Pregnancy Available data from the APR show no difference in the overall risk of birth defects for abacavir, lamivudine, or zidovudine compared with background rate for birth defects of 2.7% in the Metropolitan Atlanta Congenital Defects Program (MACDP) reference population Hyperlactatemia, which may be due to mitochondrial dysfunction, reported in infants with in utero exposure to zidovudine-containing products; causal relationship between these events and exposure to zidovudine-containing products in utero or peri-partum not established Lactation The Centers for Disease Control and Prevention recommend that HIV-1-infected mothers in the United States not breastfeed their infants to avoid risking postnatal transmission of HIV-1 infection; abacavir, lamivudine and zidovudine are present in human milk; there is no information on effects of abacavir, lamivudine and zidovudine on breastfed infant or effects of drug on milk production; because of potential for (1) HIV-1 transmission (in HIV-negative infants), (2) developing viral resistance (in HIV-positive infants), and (3) serious adverse reactions in breastfed infant, similar to those seen in adults; instruct mothers not to breastfeed if they are beind treated with the drug combination
Abacavir: Alcohol may cause decreased elimination of abacavir. Lactic acidosis with nucleoside analogues concomitantly. Decreased serum concentrations of methadone. Zidovudine: acyclovir and valacyclovir may increase CNS depression. Increased risk of haematologic toxicity with ganciclovir, valganciclovir, dapsone, doxorubicin, vincristine and vinblastine. Doxorubicin may reduce phophorylation; fluconazole may increase levels/effects; increased risk of hepatic decompensation or haematologic toxicities with interferon-? and ribavirin (also increases risk of pancreatitis and lactic acidosis). Methadone may increase effects/levels. Increased risk of myalgia, malaise and/or fever, maculopapular rash and effects/levels with probenecid. Stavudine may decrease antiviral activity; valproic acid may increase plasma levels (AUC increased by 80%). Lamivudine: Increased risk of hepatic decompensation or haematologic toxicities with interferon-? and ribavirin (also increases risk of mitochondrial toxicity, pancreatitis and lactic acidosis). Ganciclovir and valganciclovir may increase effects and toxicity; sulfamethoxazole/trimethoprim may increase AUC and decrease clearance (increasing levels and effects).

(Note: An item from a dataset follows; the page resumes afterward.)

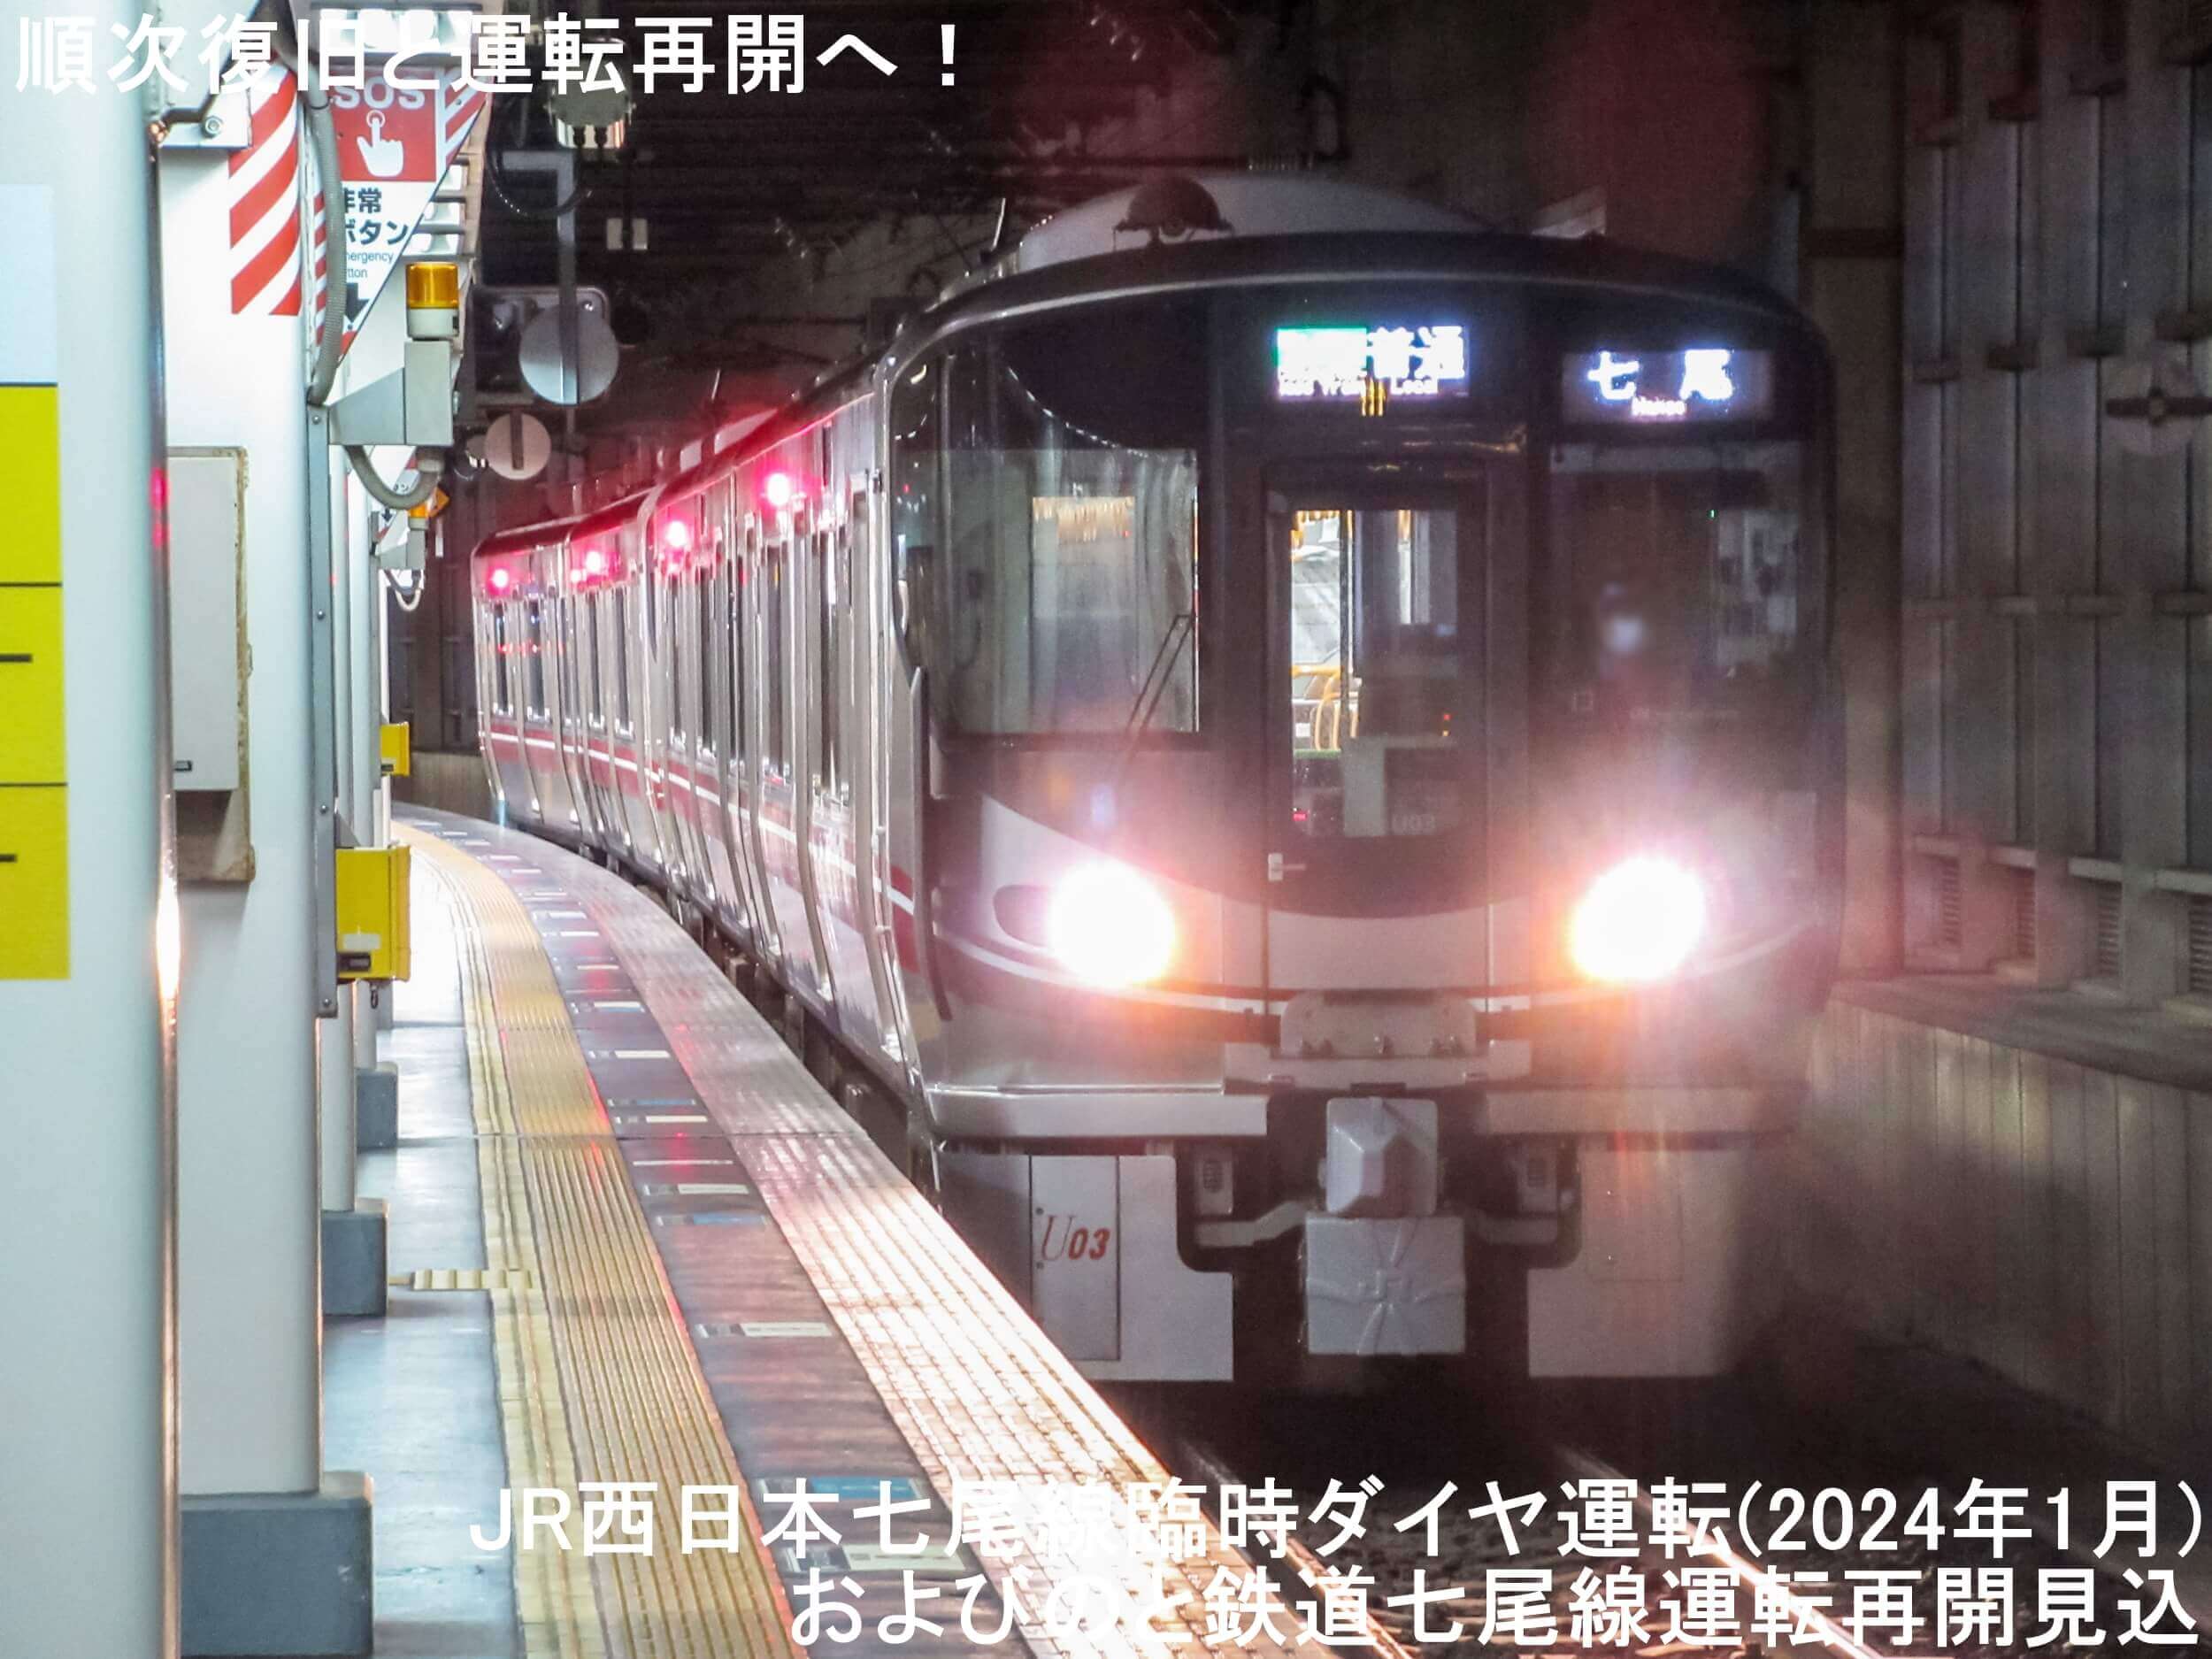 順次復旧と運転再開へ！　JR西日本七尾線臨時ダイヤ運転(2024年1月)およびのと鉄道七尾線運転再開見込

Side effects of Abacavir + Lamivudine + Zidovudine : >10% Nausea, Headache, Fatigue, Malaise, Vomiting 1-10% Rash, Fever/chills, Anxiety, Depression, Increased triglyceride levels, Diarrhea, Increased amylase, Neutropenia, Increased ALT, Increased CPK, Ear infection, Nose/throat infection, Viral infection Frequency Not Defined Immune reconstitution syndrome, GGT increased, Fat redistribution, Pancreatitis
Mechanism of Action
Abacavir, lamivudine and zidovudine are all nucleoside reverse transcriptase inhibitors. Converted to their respective active triphosphate form, they act synergistically to reduce viral resistance and inhibit reverse transcriptase via DNA chain termination.